MATERIAL PROVIDED:
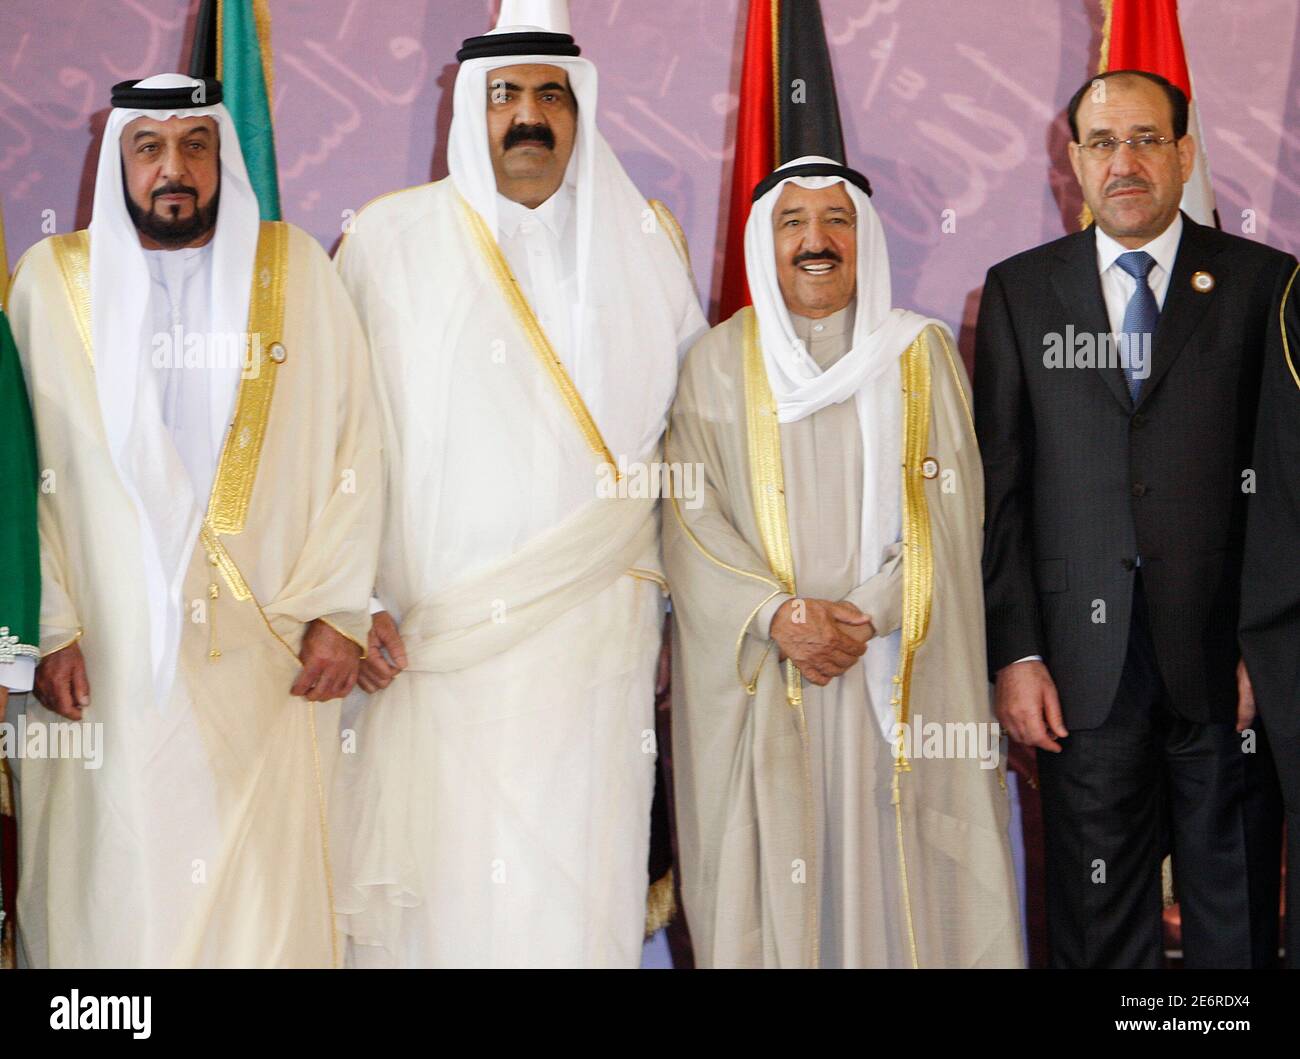 Khalifa Bin Zayed Al Nahayan High Resolution Stock Photography and Images -  Alamy
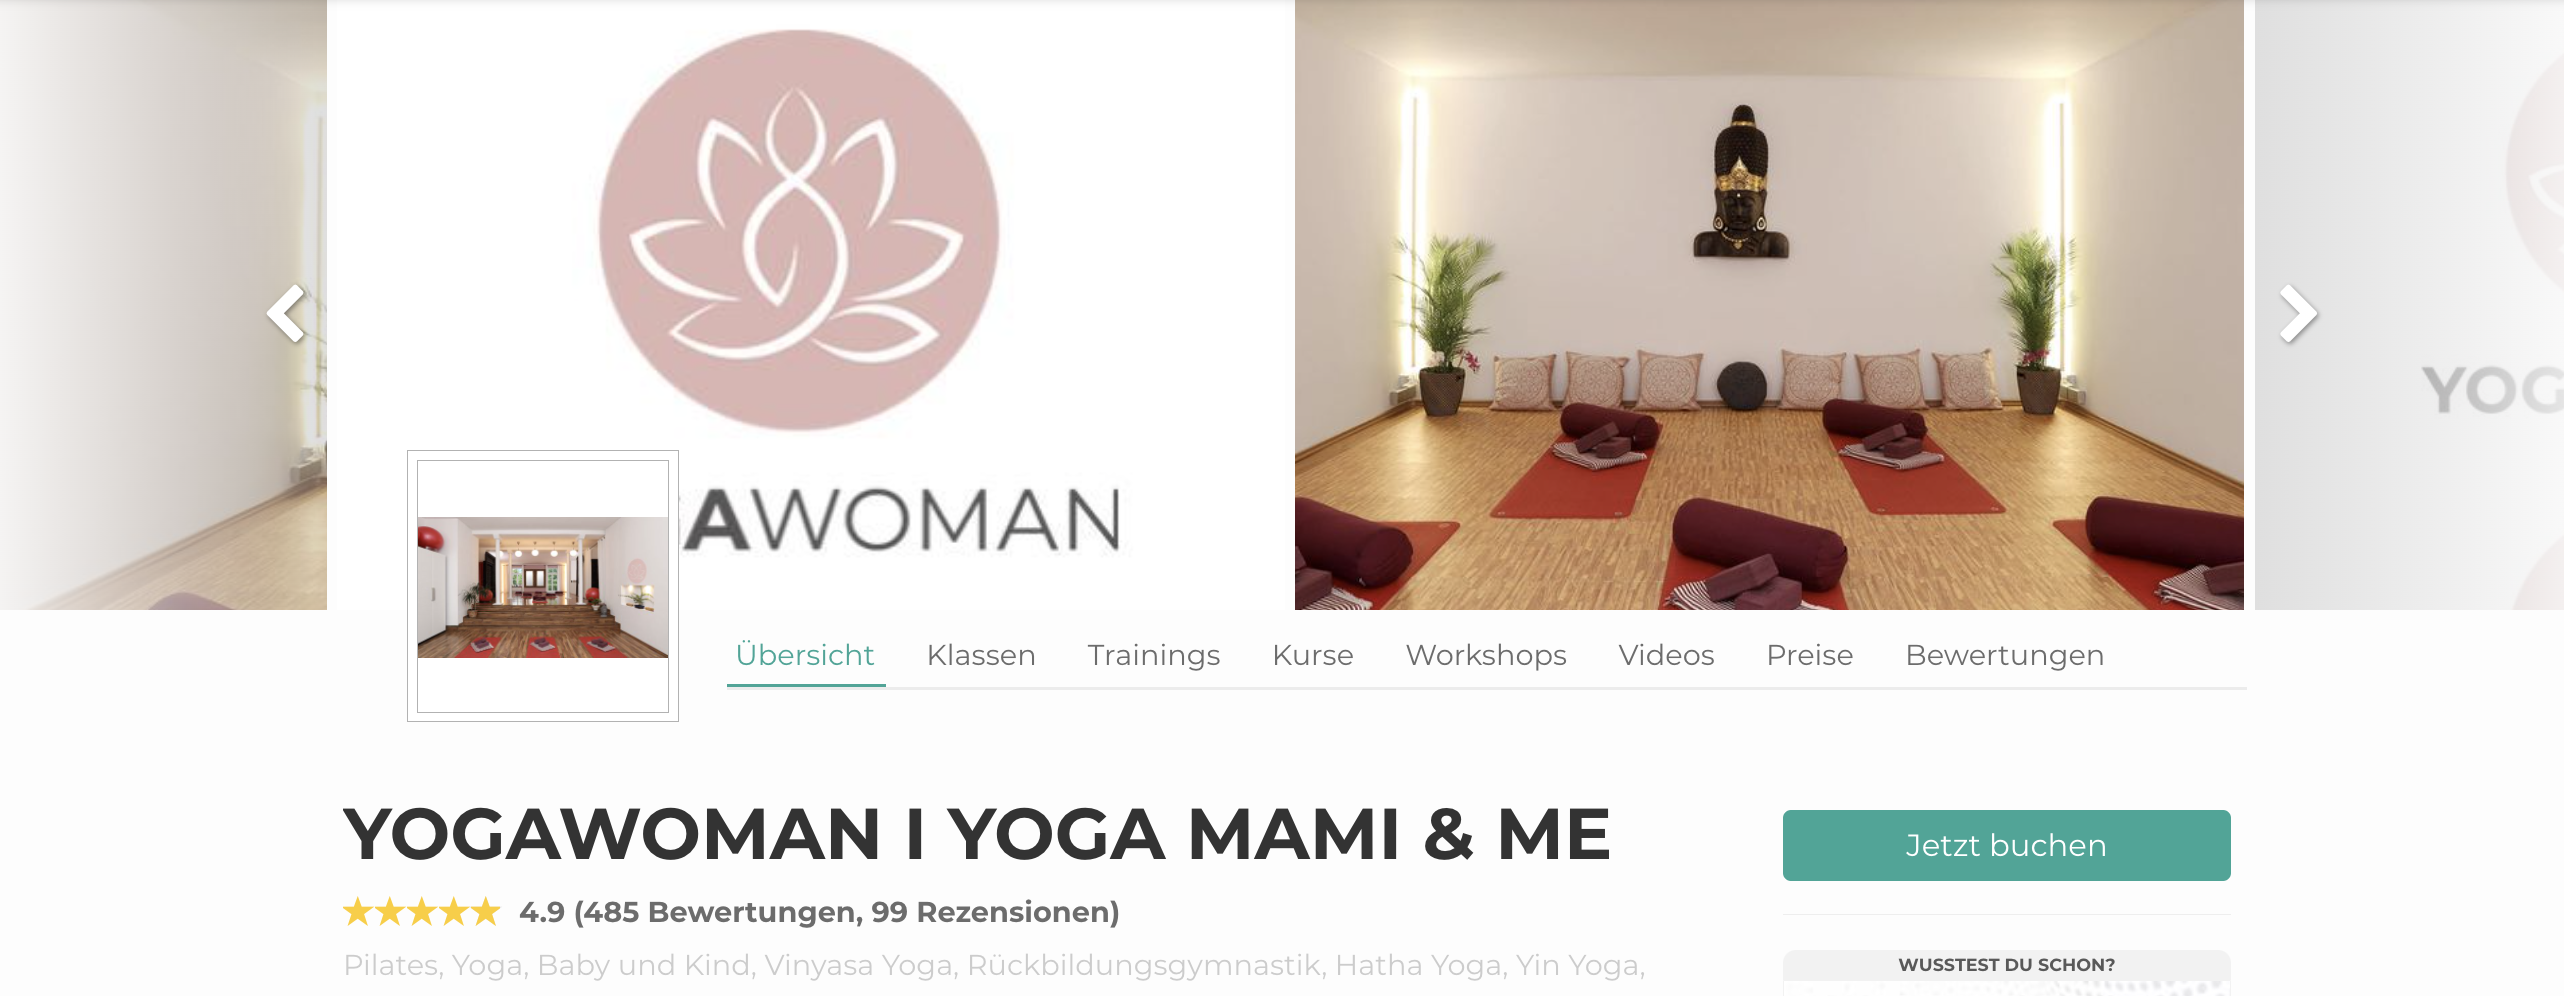 Yogawoman ist top Yoga Studio in München
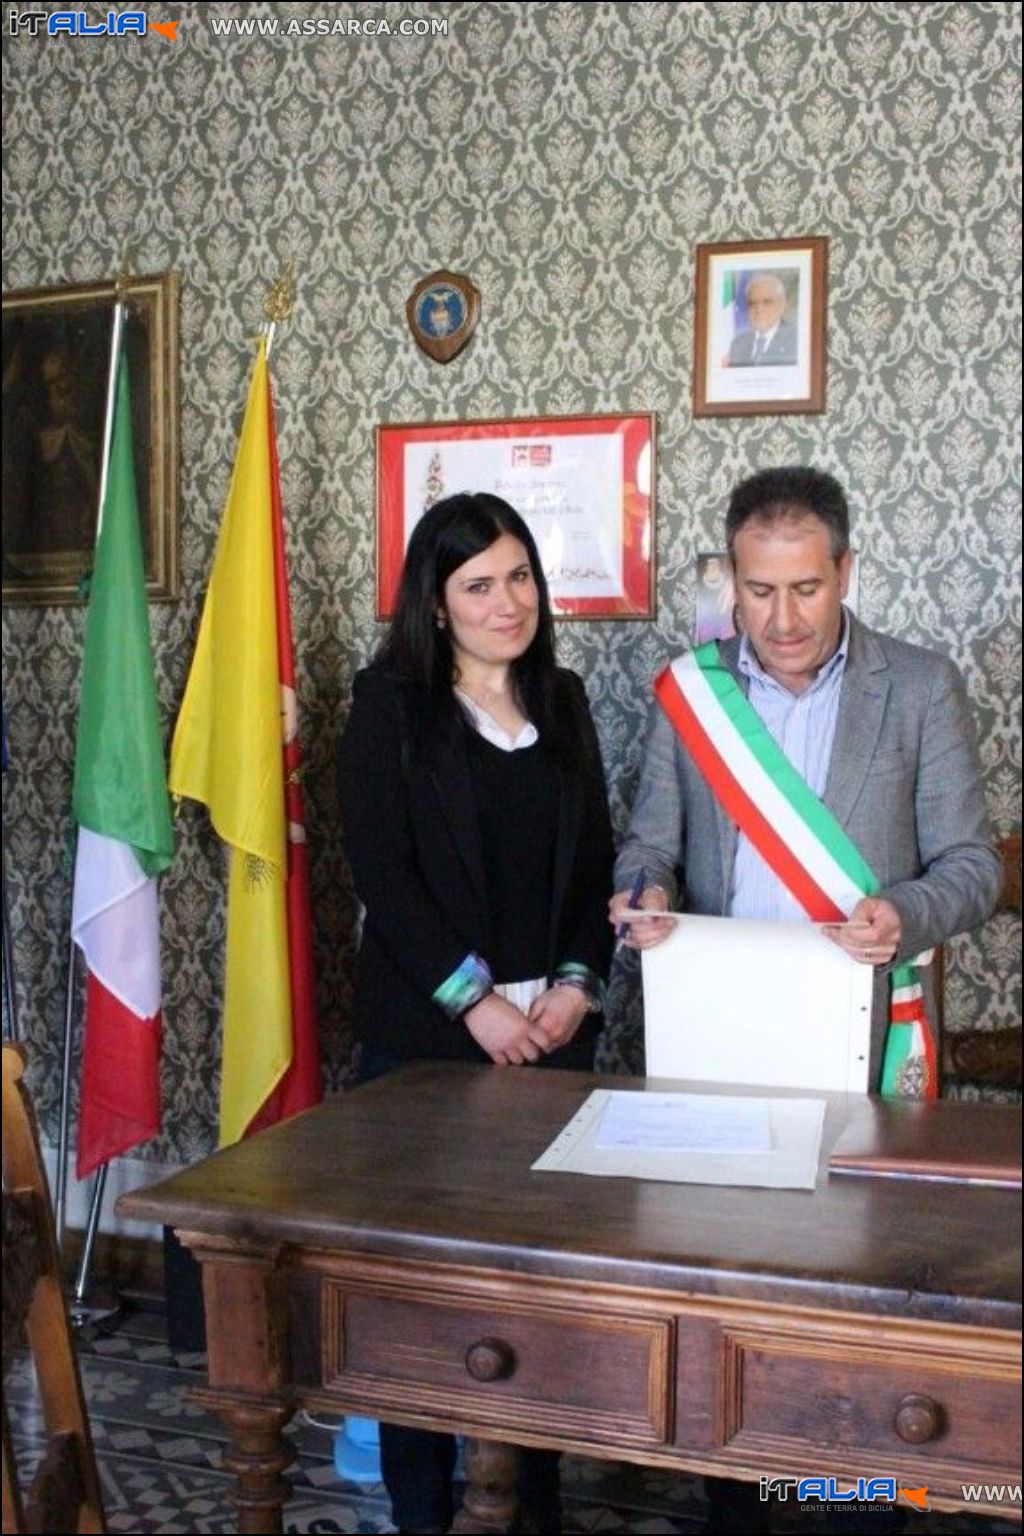 Il sindaco consegna cittadinanza italiana

TASK DETAILS: All lines of the material above should be returned unchanged, but no pictures should be included.

SOLUTION BELOW:
 Khalifa Bin Zayed Al Nahayan High Resolution Stock Photography and Images -  Alamy
 Yogawoman ist top Yoga Studio in München
 Il sindaco consegna cittadinanza italiana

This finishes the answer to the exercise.